2. You believe that most people do not like you.
3. You believe that you are not attractive.
4. You choose something and it turns out to be the worst one.
5. You are afraid to converse with others for fear that what you say might not make sense.
6. You feel swallowed up in a whirlpool of frustration.
What’s wrong with you? Your thoughts, actually.

Stop thinking that the world is closing in on you. Get determined to achieve what you desire. Stop blaming other people for your misfortunes. The world is not your problem, you are your own problem.

From this moment on, begin the process of self esteem improvement. Think the right way and be determined to win, and win you will. Just remember that success never comes easily and that is why determination is its counterpart.

Oftentimes, one gets to the brink of success and with just a little disappointment or setback, they lose heart and give up too easily and too soon. A surefire candidate to low self esteem improvement. Who knows what great things might have been achieved if only they had persevered.

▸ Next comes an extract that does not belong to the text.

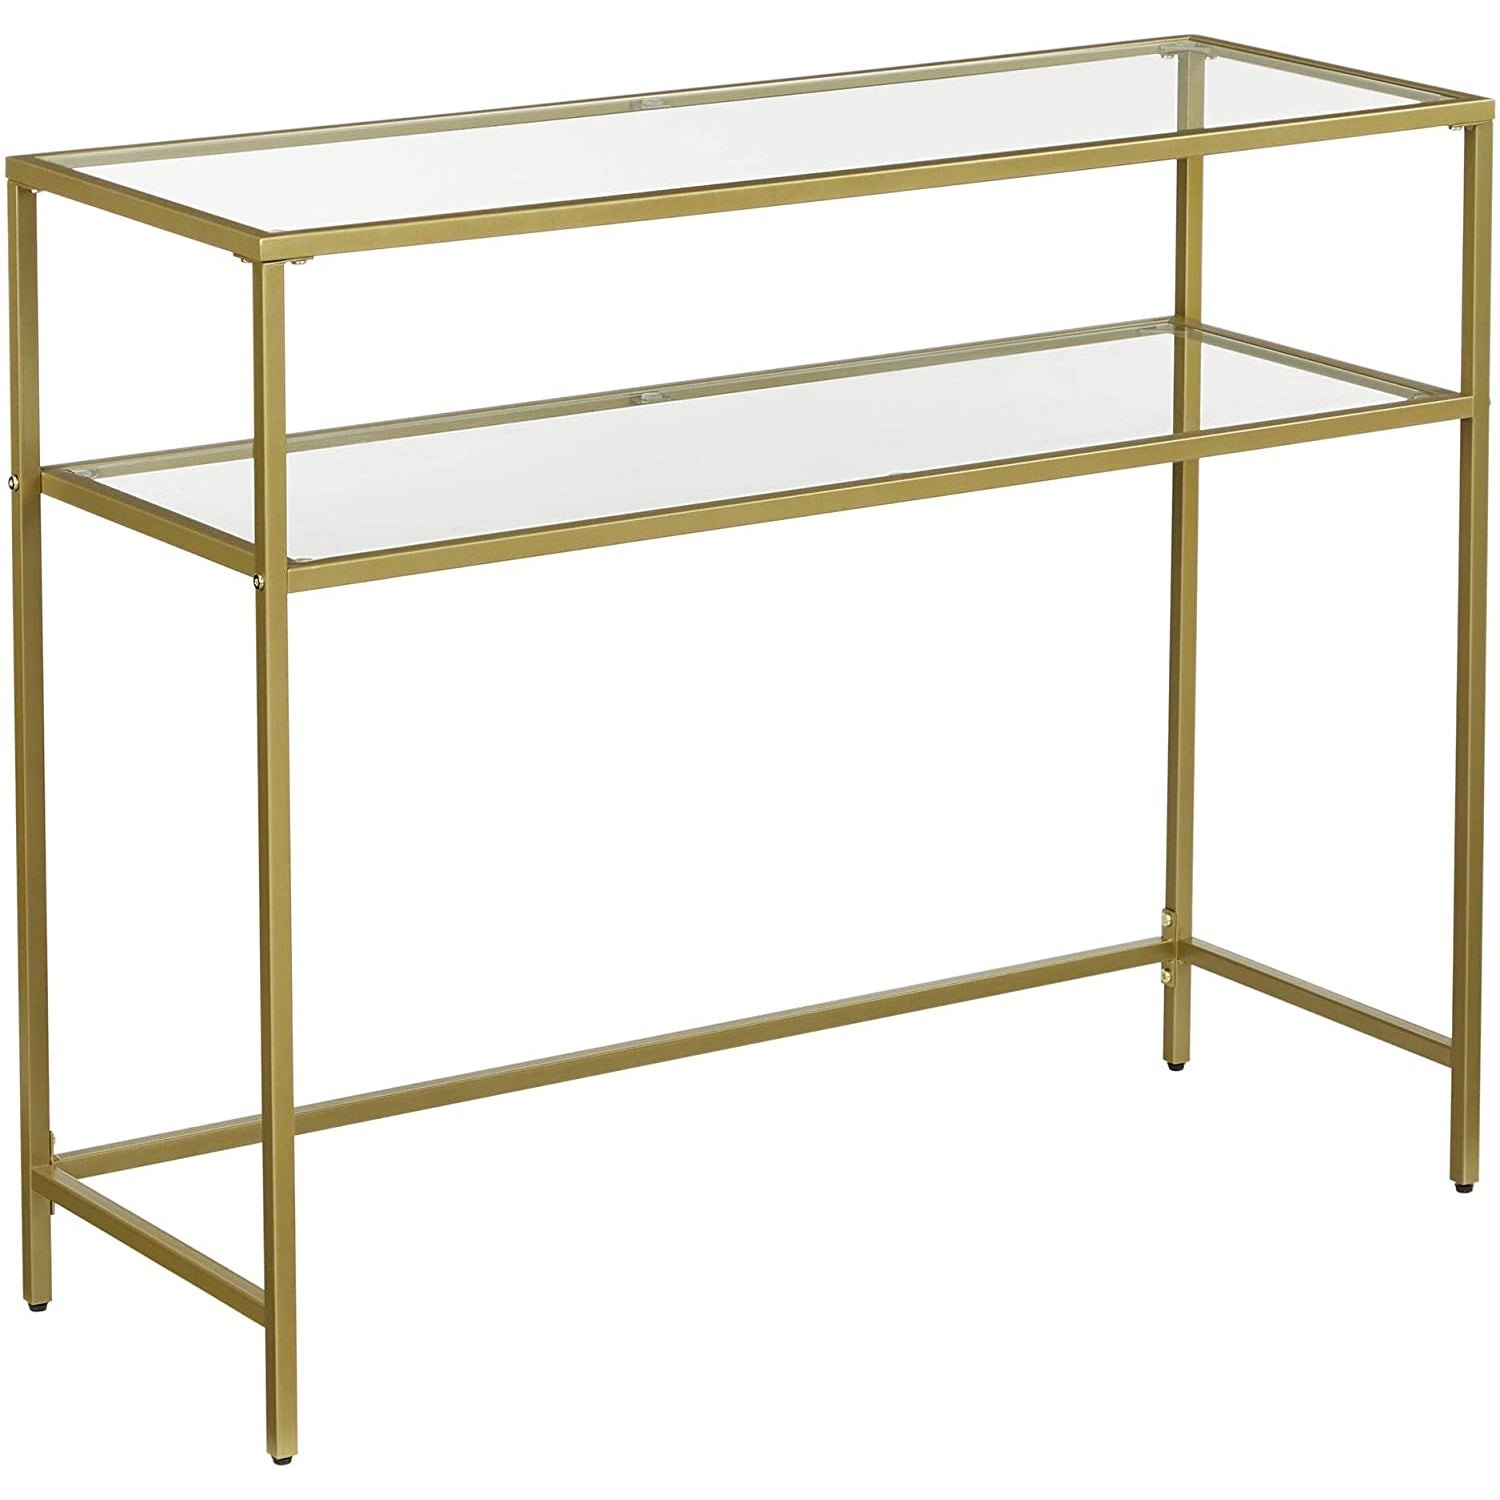 Table console Nancy's Goldfield - Table d'appoint - 2 niveaux - Verre trempé - Structure en métal - Pieds réglables - Or - 35 x 100 x 80 cm

Without a high self esteem, your life could be rather boring. Change your thinking and begin to see yourself on top of the world. Make a very special effort to be what you really want to be.

You have to seriously decide either to remain in a miserable state of low self esteem, or acquire self esteem improvement and develop a high self esteem with good character and self image.
The origin of low self esteem.

A low self esteem could begin way back in childhood when children are made to believe that they are worthless. Their self confidence is eroded and they succumb to the idea that they can never achieve success in anything that they do. They were picked on, laughed at, pushed around, called ugly names, and treated with disdain. No wonder they grew up to be full of resentment.

If that was your experience, it is time you cut yourself loose from that mindset and do self esteem improvement. Start reading about the life of successful persons and you will soon discover that many of them had such low self esteem that they could not even complete an elementary education.

Many decided to override their low self esteem and improve their attitude, whatever it took. They became some of the greatest men and women that ever lived.

Low self esteem has never helped anyone else and it sure will not help you. It can only drive you into depression, anger, grudge, fear and all the other evils that it generates.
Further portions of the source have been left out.